* **The problem**: Could you give again exactly, and only, the lines from the one holding "Horses see in" through the end of the data, both ends included, with pictures left out?

* **Input data**:
★ ★ ★ ★ ★ ★ ★

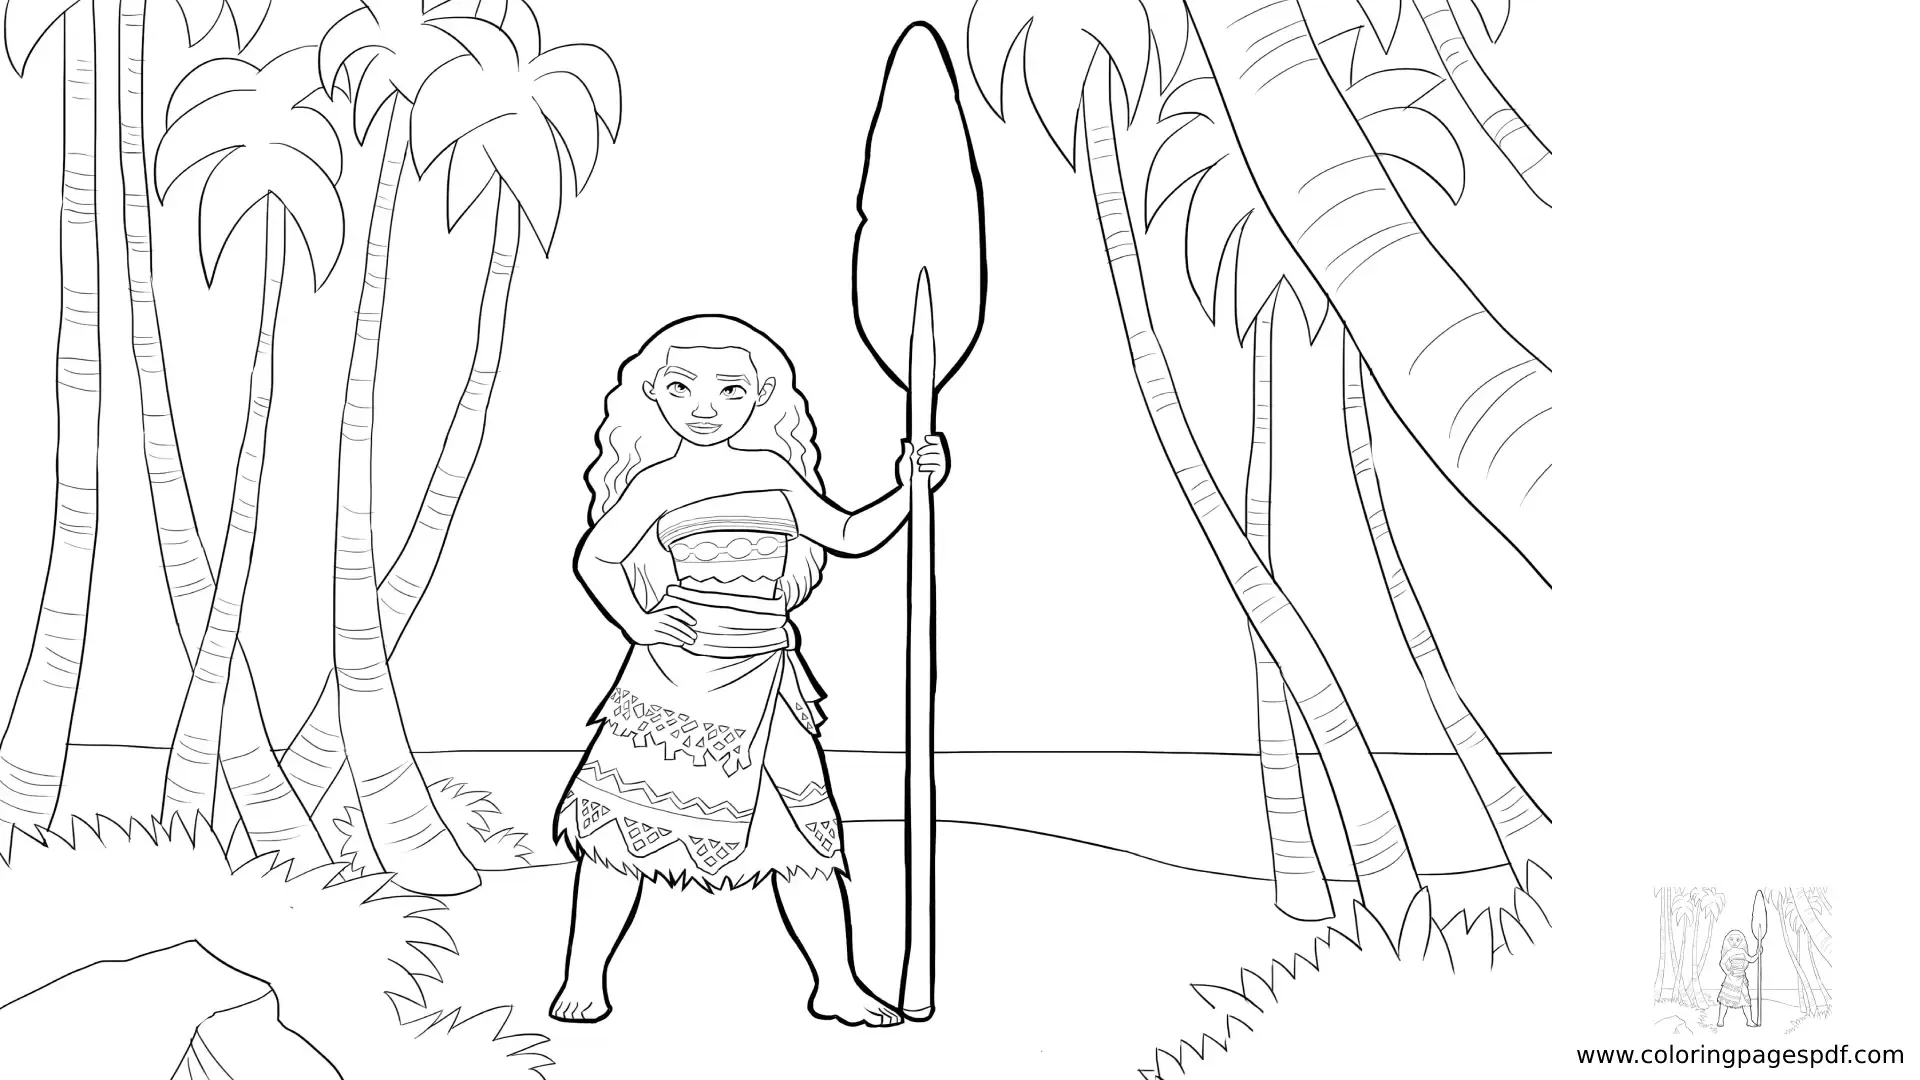 Coloring Pages Of Moana With A Rowing Oar
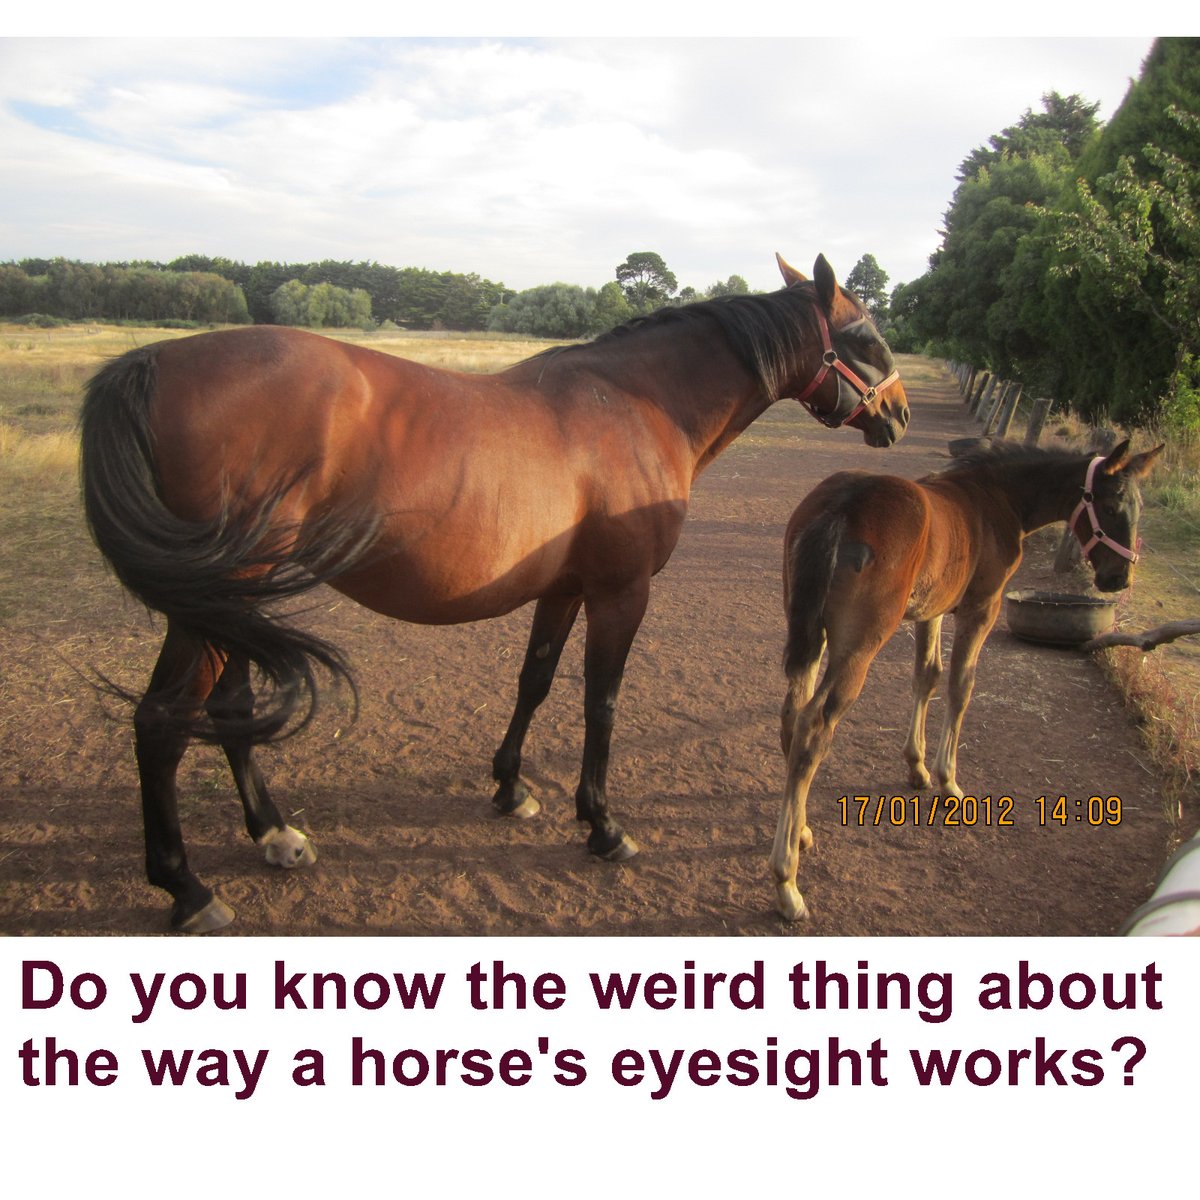 Horses see in a strange way. The details are at 500ways.com/horses-vision (#vision, #eyesight, #horse, #equine, #equestrian, #zoology, #biology, #animalStudies, #farmAnimals, #petHorse, #horesback)
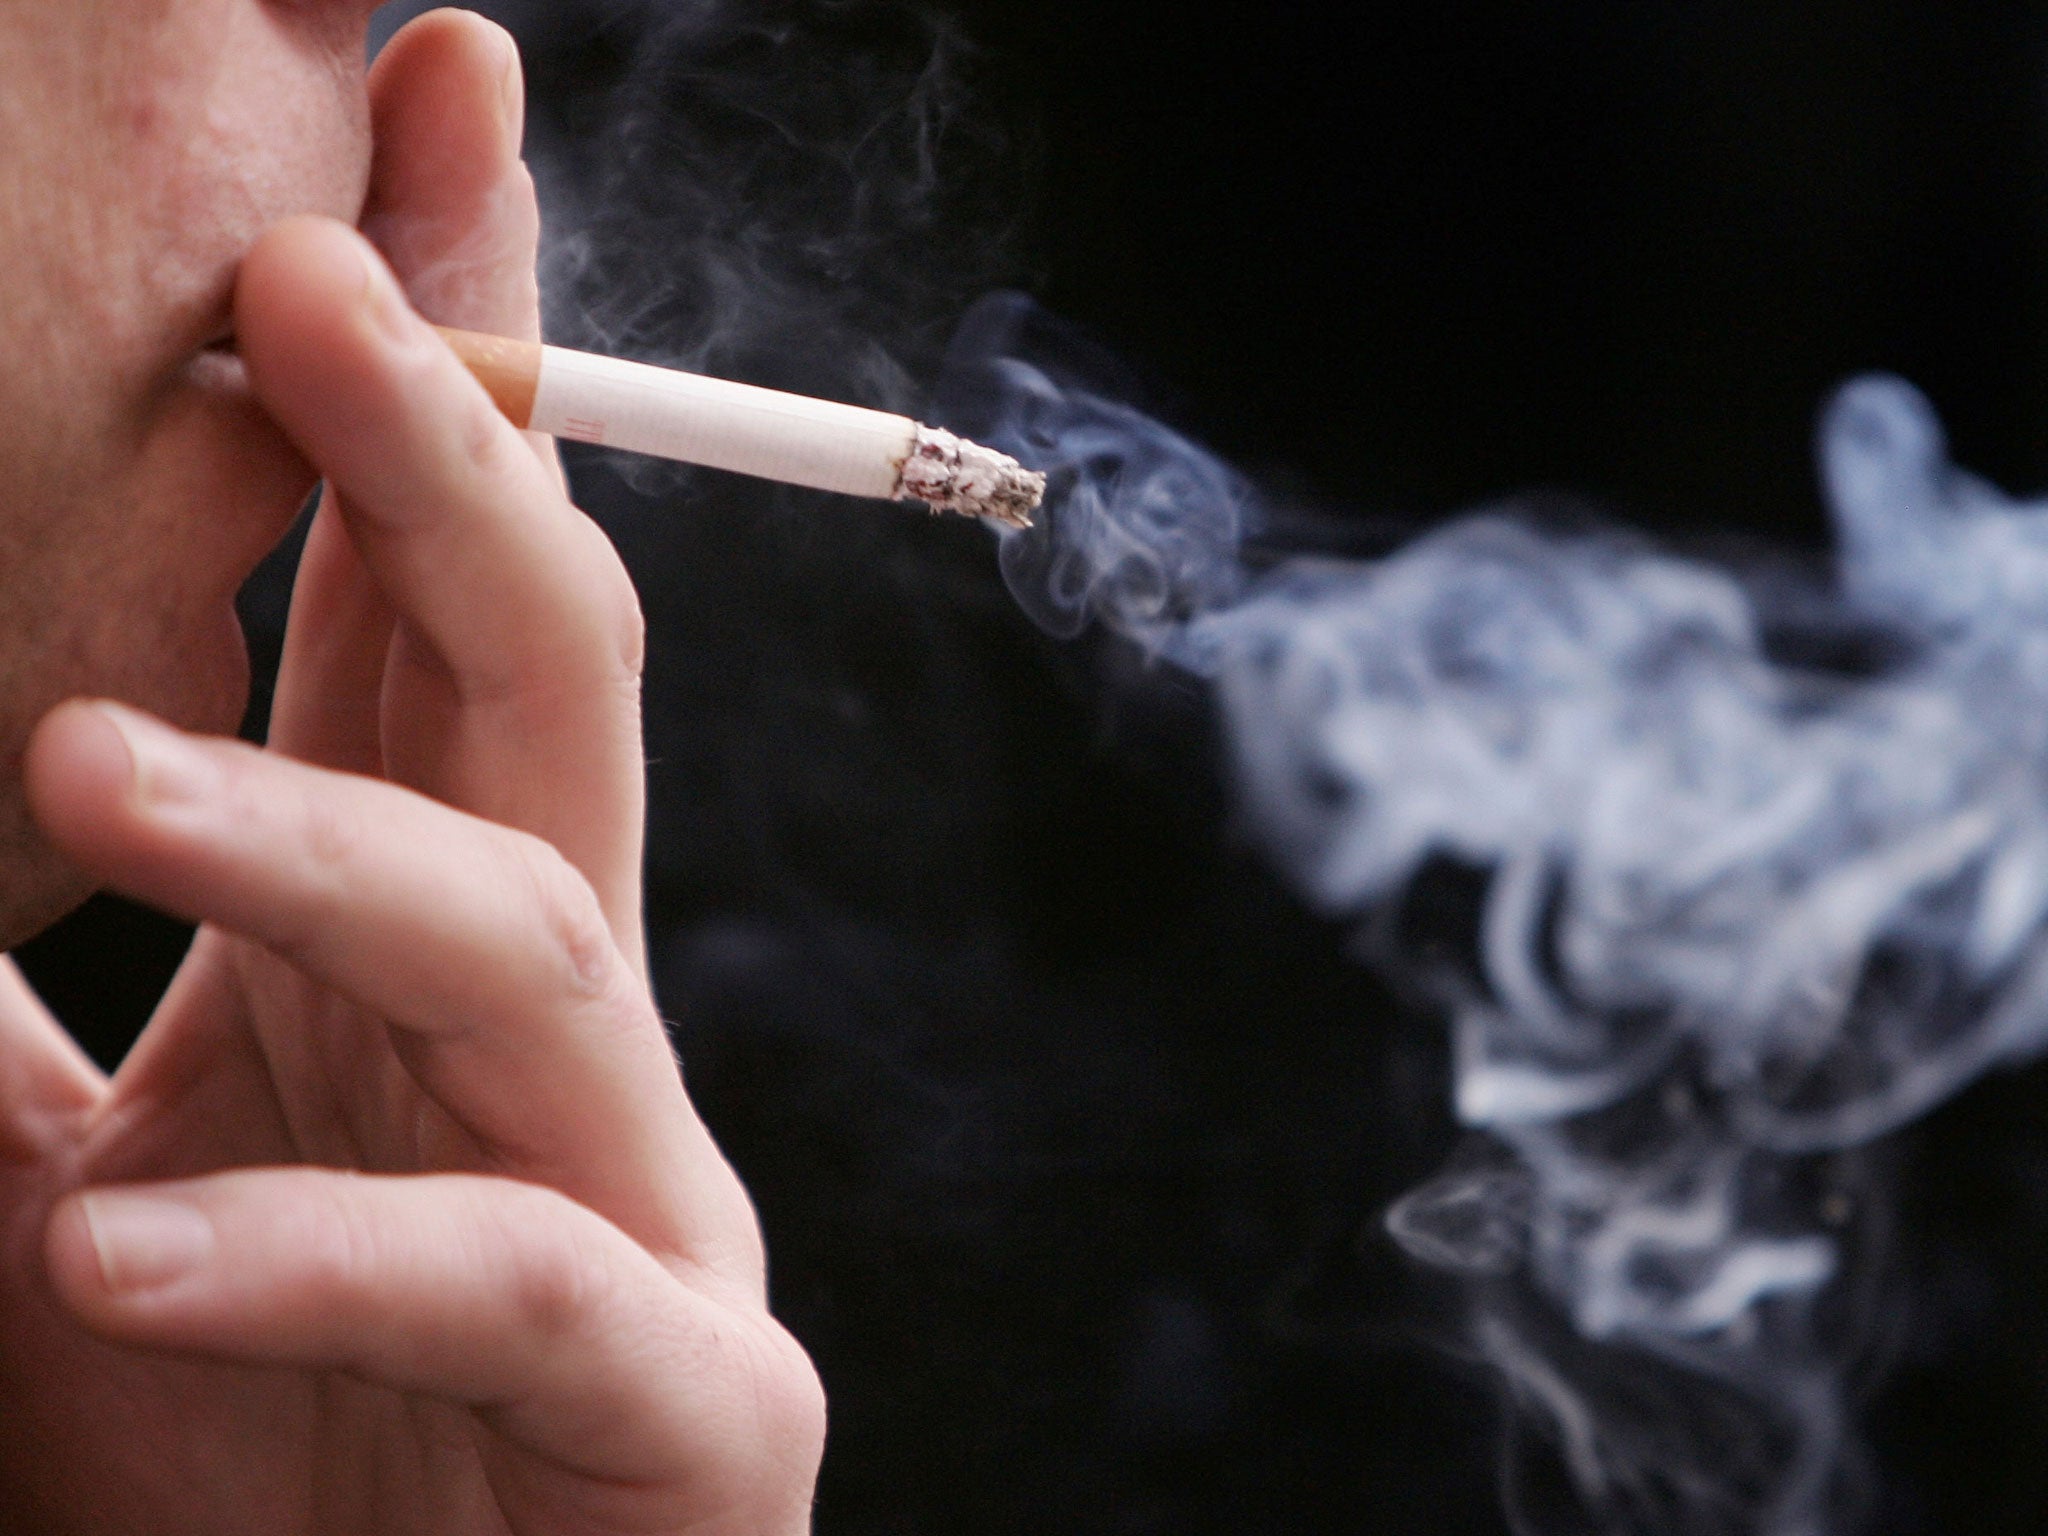 Ministers set to act over smoking

★ ★ ★ ★ ★ ★ ★

* **Output**:
 Horses see in a strange way. The details are at 500ways.com/horses-vision (#vision, #eyesight, #horse, #equine, #equestrian, #zoology, #biology, #animalStudies, #farmAnimals, #petHorse, #horesback)
 Ministers set to act over smoking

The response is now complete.